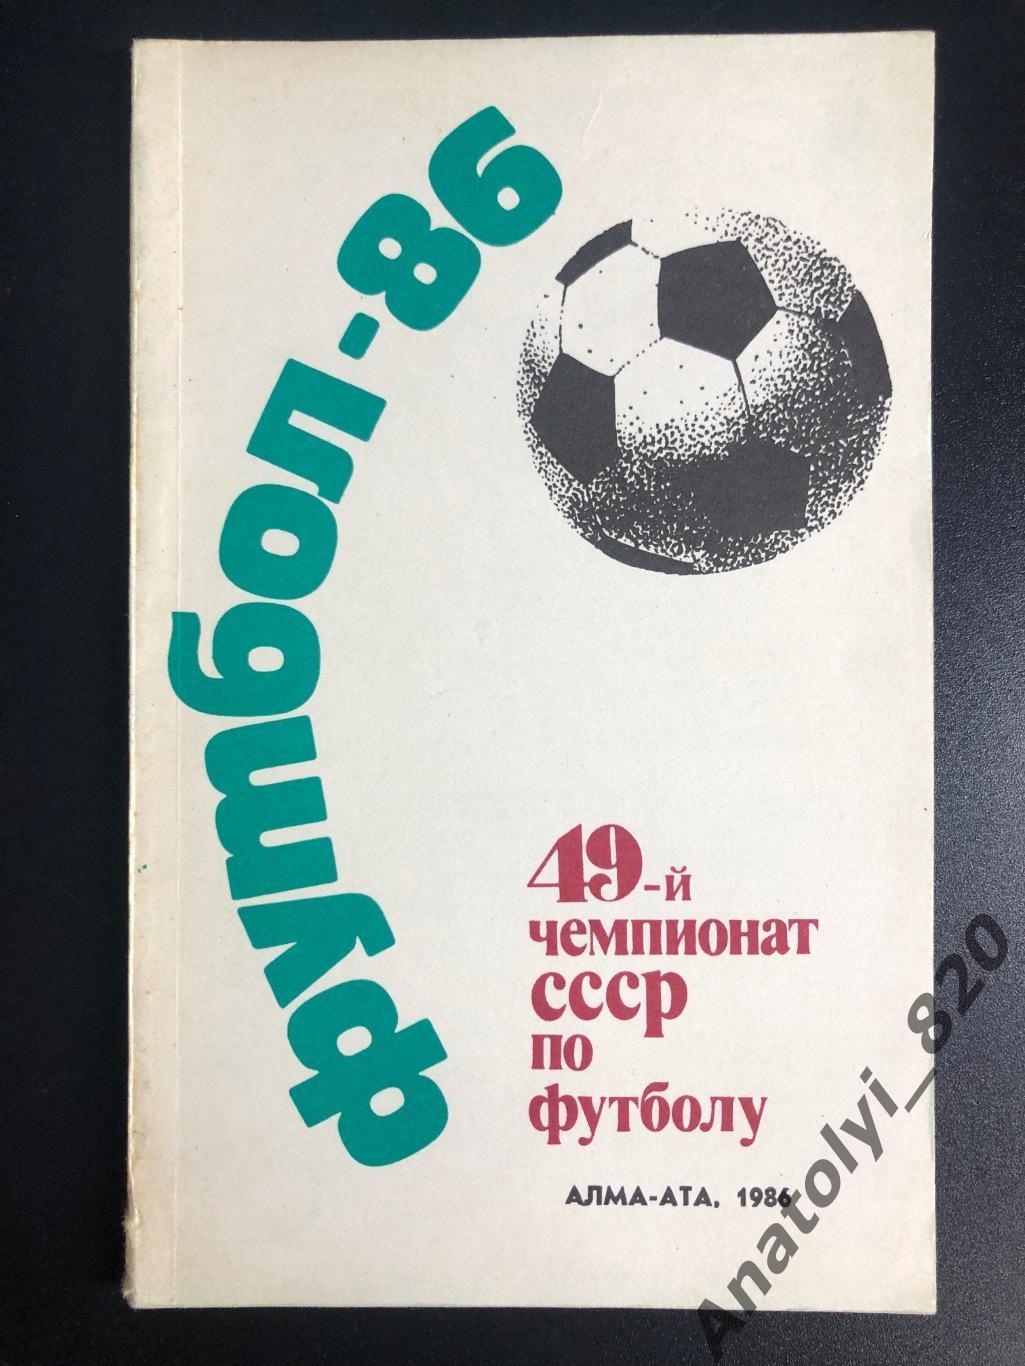 Алма-Ата 1986 год календарь - справочник
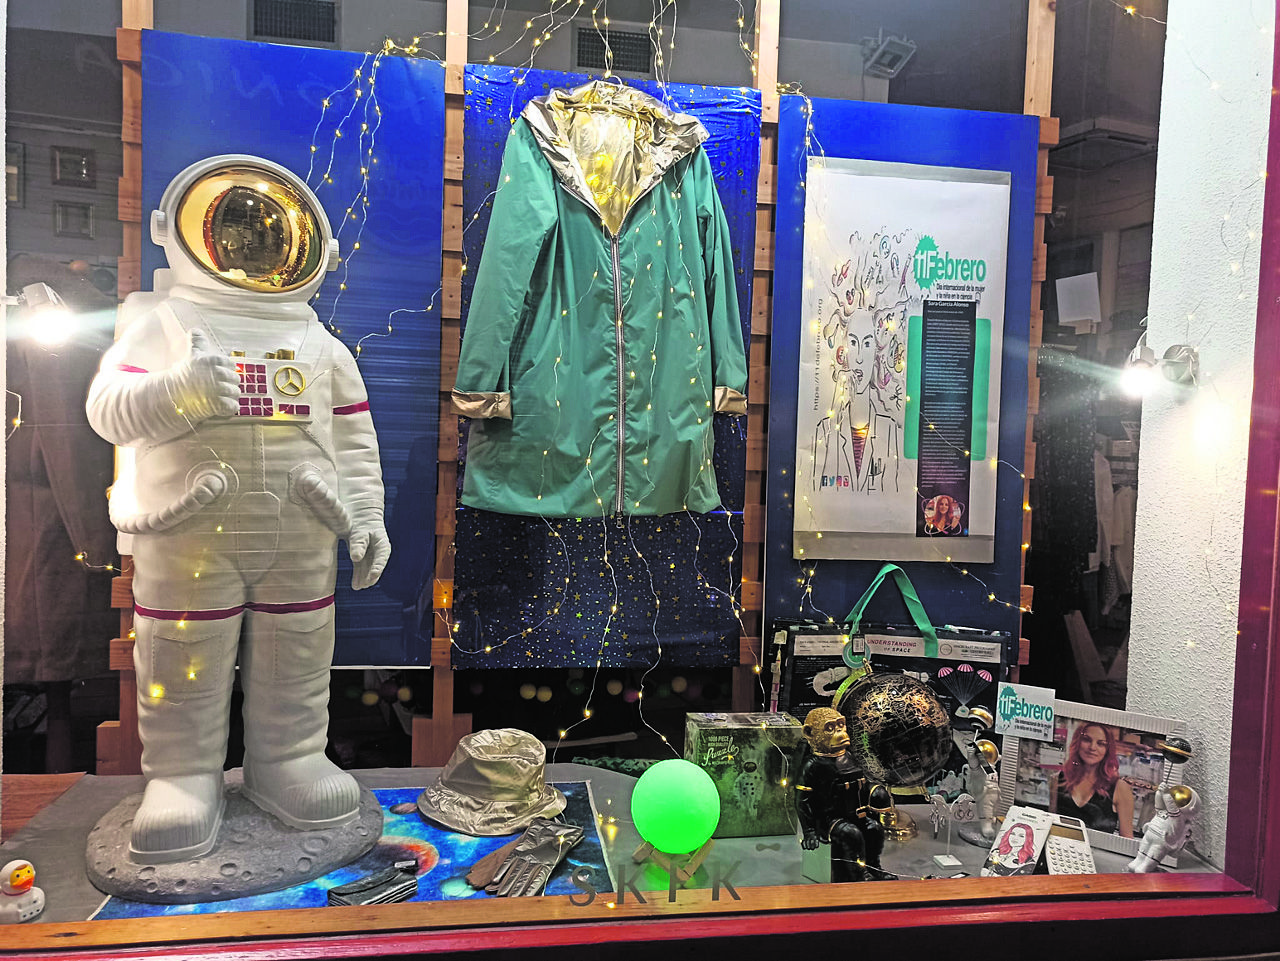 El traje de astronauta y otros objetos "propios" del oficio en el escaparate dedicado a la leonesa Sara García Alonso en la tienda de Cascanueces.
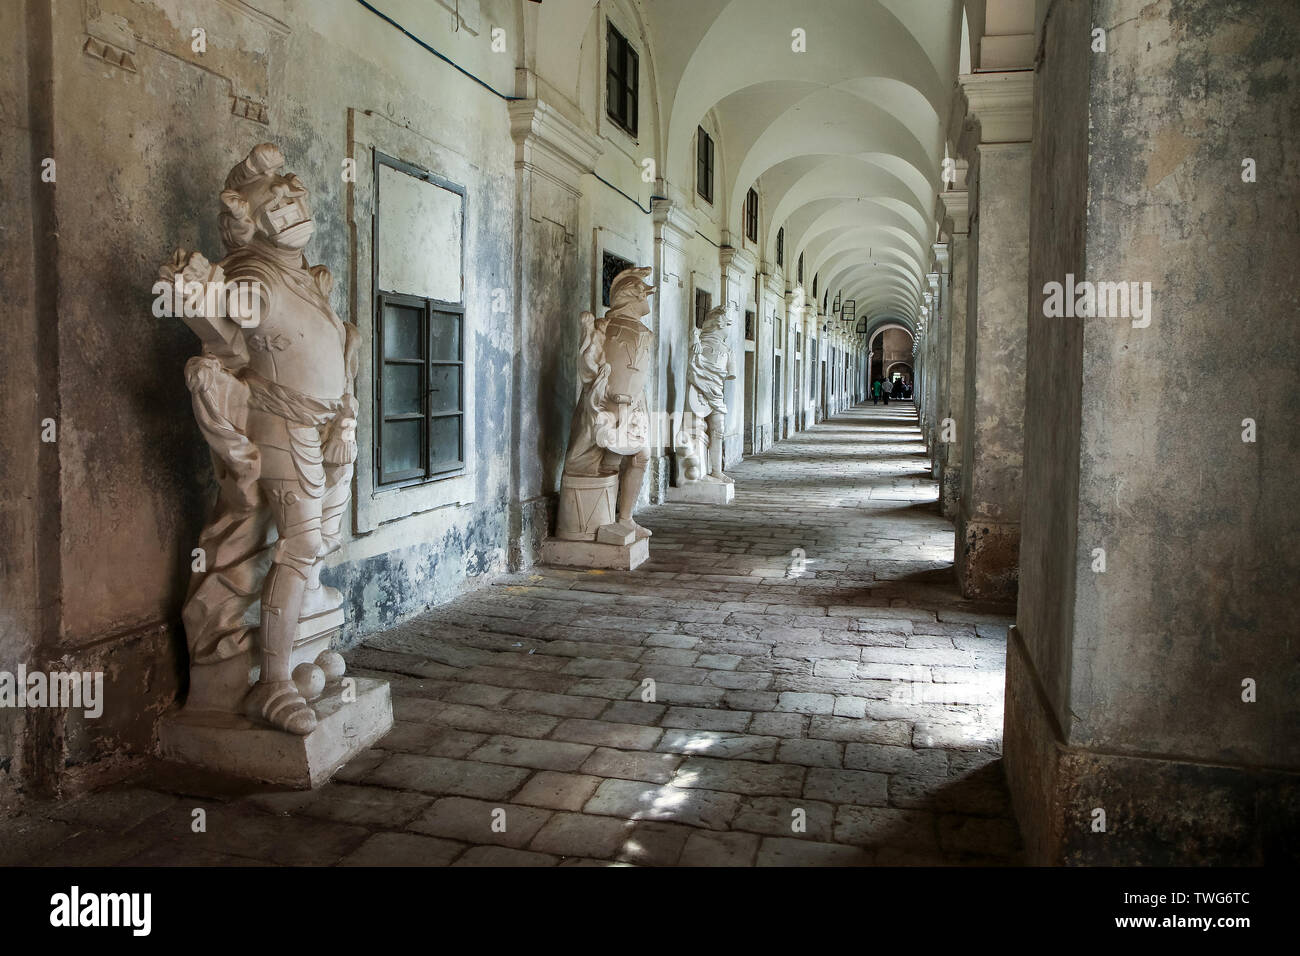 Le solitaire et vide couloirs de l'ancien bâtiment historique avec ses statues. Architecture intéressante du passé. Banque D'Images

........

**What the exercise asks**
Set down again, exactly, the lines from the one with "El traje de" to the last line of the data, both included and pictures excluded.

**Finished exercise**
 El traje de astronauta y otros objetos "propios" del oficio en el escaparate dedicado a la leonesa Sara García Alonso en la tienda de Cascanueces.
 Le solitaire et vide couloirs de l'ancien bâtiment historique avec ses statues. Architecture intéressante du passé. Banque D'Images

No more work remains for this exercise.